Network modelling of topological domains using Hi-C data. (English) Zbl 1433.62318

Summary: Chromosome conformation capture experiments such as Hi-C are used to map the three-dimensional spatial organization of genomes. One specific feature of the 3D organization is known as topologically associating domains (TADs), which are densely interacting, contiguous chromatin regions playing important roles in regulating gene expression. A few algorithms have been proposed to detect TADs. In particular, the structure of Hi-C data naturally inspires application of community detection methods. However, one of the drawbacks of community detection is that most methods take exchangeability of the nodes in the network for granted; whereas the nodes in this case, that is, the positions on the chromosomes, are not exchangeable. We propose a network model for detecting TADs using Hi-C data that takes into account this nonexchangeability. In addition, our model explicitly makes use of cell-type specific CTCF binding sites as biological covariates and can be used to identify conserved TADs across multiple cell types.

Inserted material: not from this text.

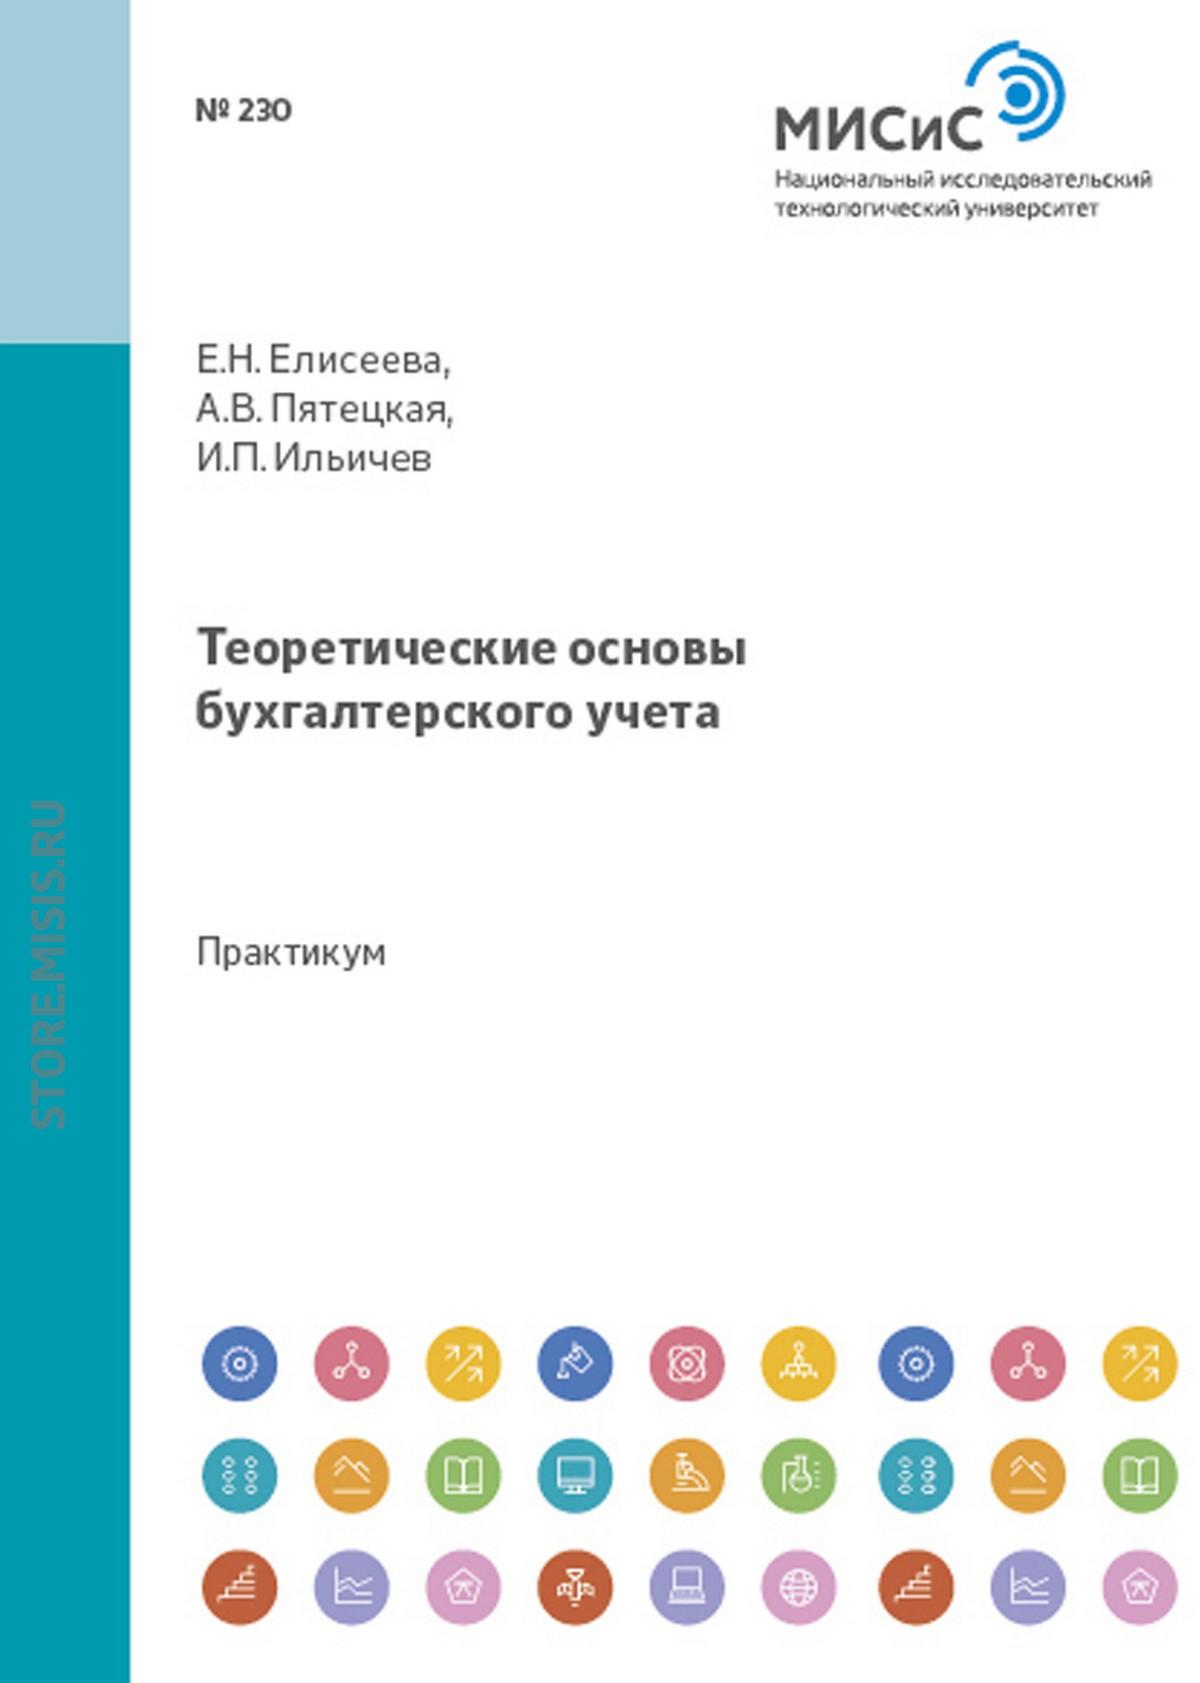 Е. Н. Елисеева Теоретические основы бухгалтерского учета баканов м и основы бухгалтерского учета в торговле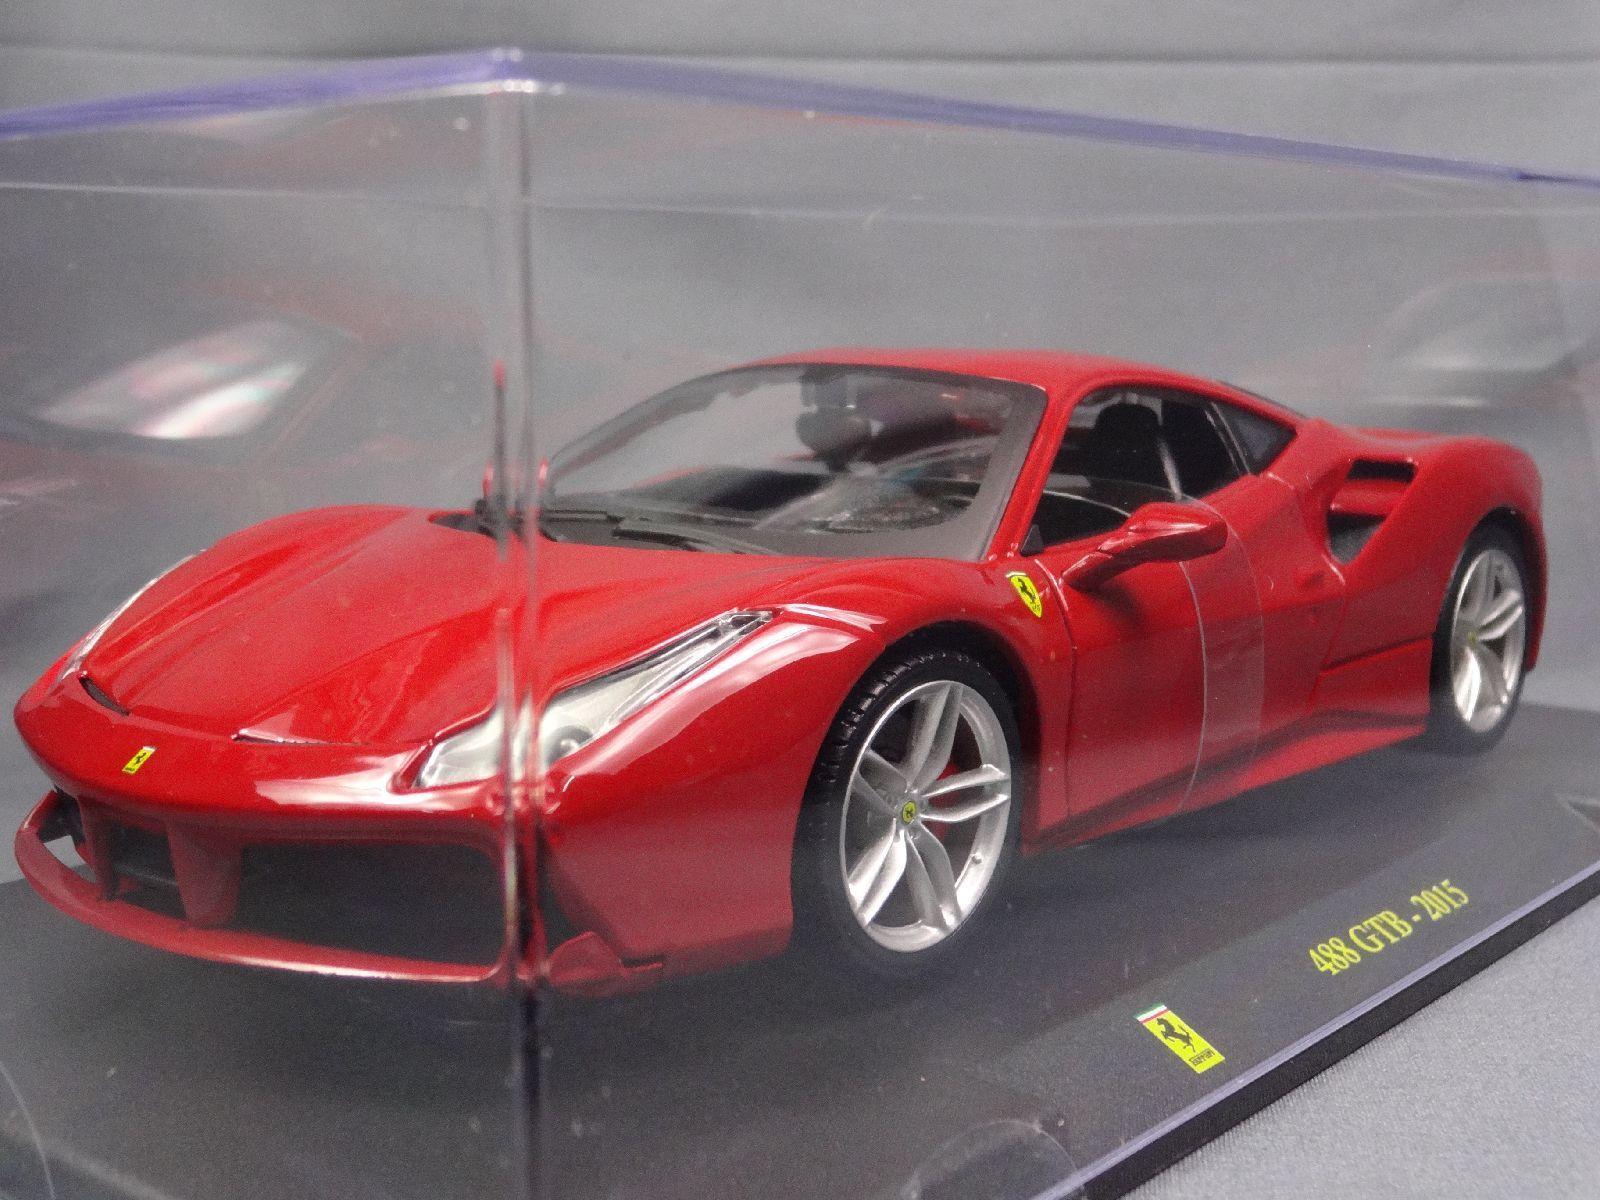 Ferrari collection collection collection 488 GTB 2015 1 24 Scale Box Mini Car Display Diecast vol 11 0b9920

The model leads to a likelihood objective that can be efficiently optimized via relaxation. We also prove that when suitably initialized, this model finds the underlying TAD structure with high probability. Using simulated data, we show the advantages of our method and the caveats of popular community detection methods, such as spectral clustering, in this application. Applying our method to real Hi-C data, we demonstrate the domains identified have desirable epigenetic features and compare them across different cell types.


62P10 Applications of statistics to biology and medical sciences; meta analysis
62M45 Neural nets and related approaches to inference from stochastic processes
62H30 Classification and discrimination; cluster analysis (statistical aspects)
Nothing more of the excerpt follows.